In a new paper published in Light Science & Application, a team of scientists, led by Professor Weiwen Zou from State Key Laboratory of Advanced Optical Communication Systems and Networks, Intelligent Microwave Lightwave Integration Innovation Center (imLic), Department of Electronic Engineering, Shanghai Jiao Tong University, and co-workers have developed a photonic scheme to accomplish AFE of broadband RF signals. In principle, photonics is considered a competitive candidate for RF signal processing due to its broadband capability and reconfigurability. If the physical structure of feature extraction in implemented in the photonic circuits, the input signals can be directly transformed into features without digital processing. Based on this idea, they implemented a photonic chip that can output key features directly from the original RF signals received by the antenna. With these features, different targets are recognized with high accuracy.
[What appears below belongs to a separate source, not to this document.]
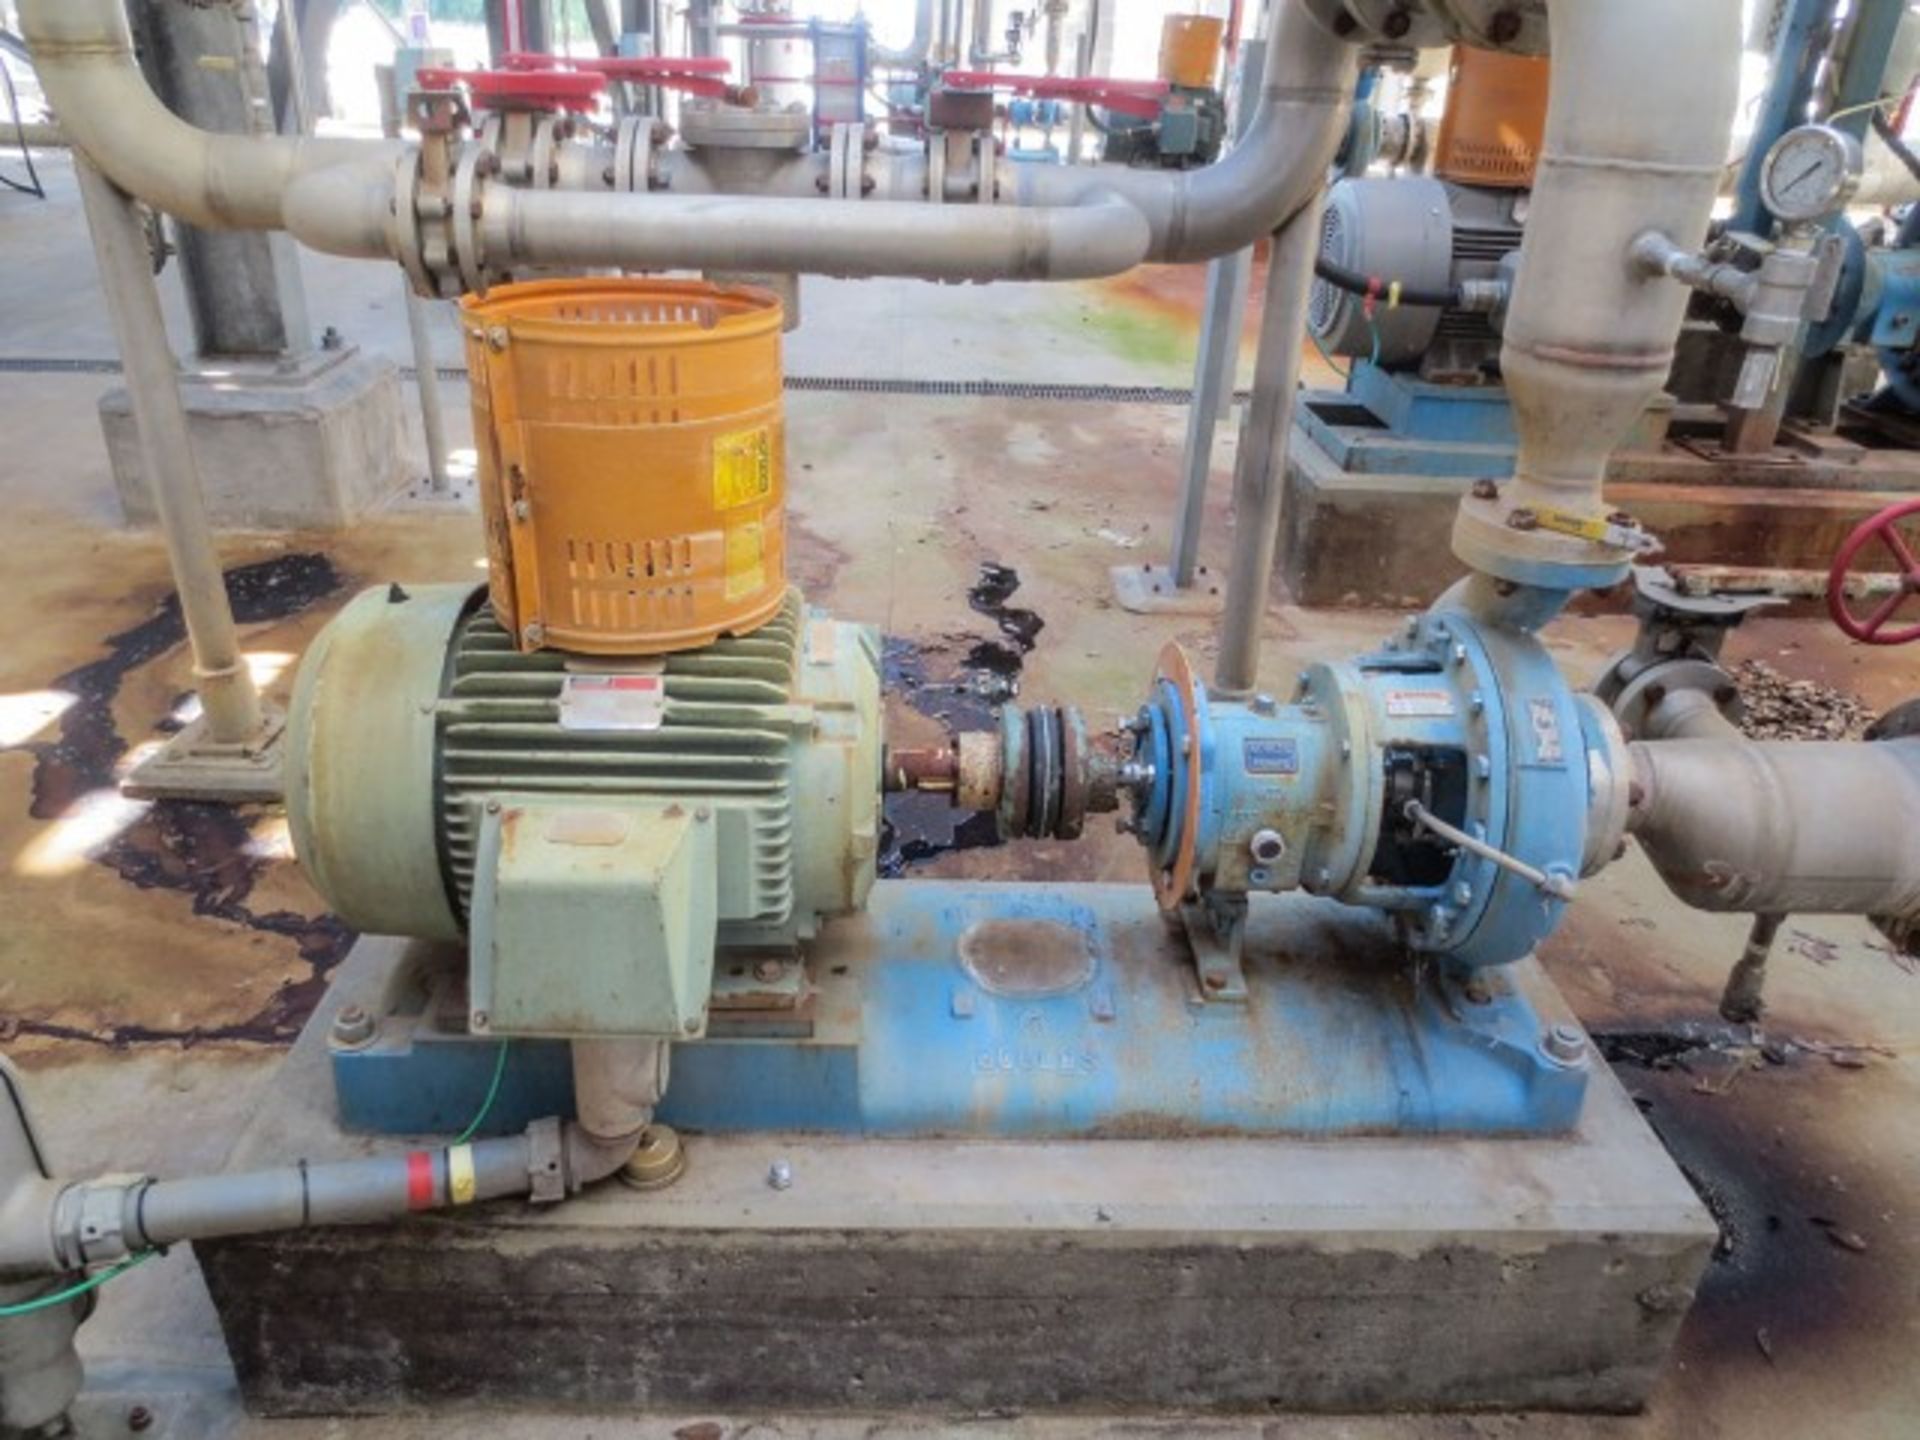 Goulds centrifugal pump, model 3196 MTX. Stainless steel 316. Size 3X4- Rigging/Loading Fee: $850

The reported scheme will provide a promising path for the efficient signal processing involved in autonomous driving, robotics, and smart factories.
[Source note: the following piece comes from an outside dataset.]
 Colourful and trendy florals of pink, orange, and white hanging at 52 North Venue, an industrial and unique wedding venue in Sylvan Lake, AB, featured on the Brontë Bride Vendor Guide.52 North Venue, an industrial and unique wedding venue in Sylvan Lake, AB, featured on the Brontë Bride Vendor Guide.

The key part of their scheme is the photonic chip. The scientists summarize the working principle of their photonic chip: “The feature extraction structure is essentially a convolutional neural network that outputs the spatiotemporal feature of the input signals. The photonic chip imitates the neural network to conduct feature extraction for the RF signals. Additionally, we designed an efficient training method especially for the photonic feature extraction system. It drastically decreases the cost of neural network training and makes the training possible.”


“The experimental results indicates that the photonic feature extractor compresses the data rate 4 times while maintains a good target recognition accuracy of 97.5%. We analyzed the results and found that the photonic spatiotemporal feature extractor achieves 7.7% better recognition accuracy than that without feature extraction. Compared with one-dimensional feature extraction, the spatiotemporal feature extraction performs 6% better. So, we testified the effectiveness of the photonic feature extractor.” They added, “We believe that our proposal will catalyze the development of naturally-efficient AFE strategies for broadband RF signal processing, and provide a promising path for the next-generation cognitive RF sensing systems.”